[Skip to the validation tools!]
On February 7, 1997, I posted a message to Web4Lib reporting some statistics the degree to which library home pages validated against an HTML DTD. I had selected the HTML 3.2 DTD, which had been formally recommended by the Word Wide Web Consortium the month before (a document criticized in some circles for being too permissive). Out of 624 North American libraries' home pages, the disappointing statistics were:
It is easy to present such statistics unfairly: many knowledgeable web authors can justify instances in which they violate HTML rules, and obviously some violations are more serious than others. For that matter, the consequences of violating HTML rules are usually not too serious; the differences between a badly formatted HTML document and a badly formatted tax return are pretty clear.
Nonetheless, "bad" HTML, by definition, can have unpredictable consequences for users of some browsers. HTML is one implementation of SGML, the Standard Generalized Markup Language. In SGML, the rules and requirements for a given variety of document are listed in the Document Type Definition, or DTD. There have been several HTML DTDs, representing various versions of HTML: the most notable are probably HTML 2.0, still the only version to be standardized as an Internet RFC; the original draft for HTML 3.0, which never evolved into a complete recommendation and—advertising claims notwithstanding—never received broad support from browser makers; HTML 3.2, originally code named "Wilbur"; and the three flavors of HTML 4.0: Strict, Transitional, and Frames. In addition to these more-or-less official DTDs, there have been DTDs created to describe Netscape Navigator's behavior post facto, an Internet Explorer DTD from Microsoft, and the DTDs used by several HTML editors.
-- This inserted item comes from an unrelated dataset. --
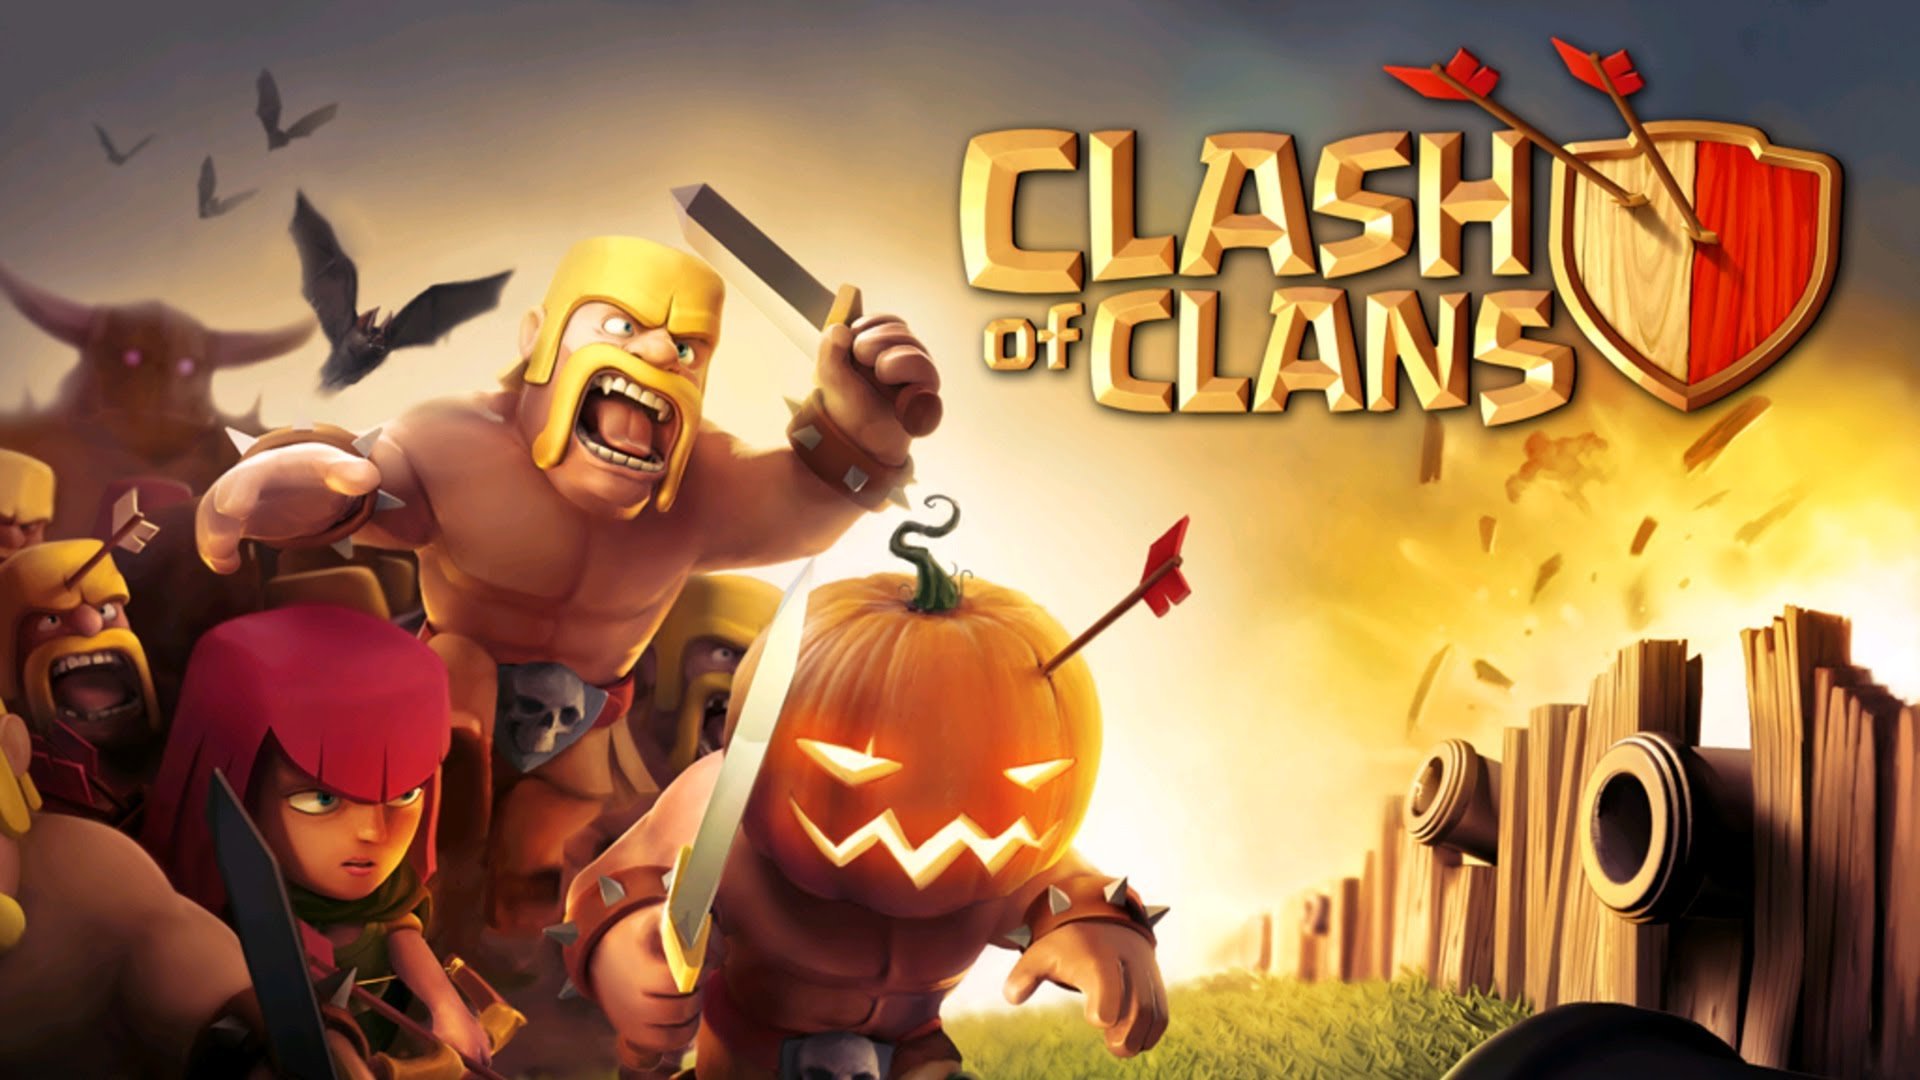 Clash Of Clans Live Action Movie Download

Since browsers render HTML pages based on a DTD, or at least tagging rules that can be described in a DTD, it follows that documents which break the rules of that DTD may be rendered with unpredictable results. For a description of a worst-case scenario, read about the many documents that disappeared when Netscape 2.0 came out.
Validation is the process in which a document is compared to a set of document rules, in this context a DTD, and then a report of rule violations is created. Typically, a document author will submit a draft document to a validation service, use the report to identify errors, correct those errors, and resubmit the document for validation.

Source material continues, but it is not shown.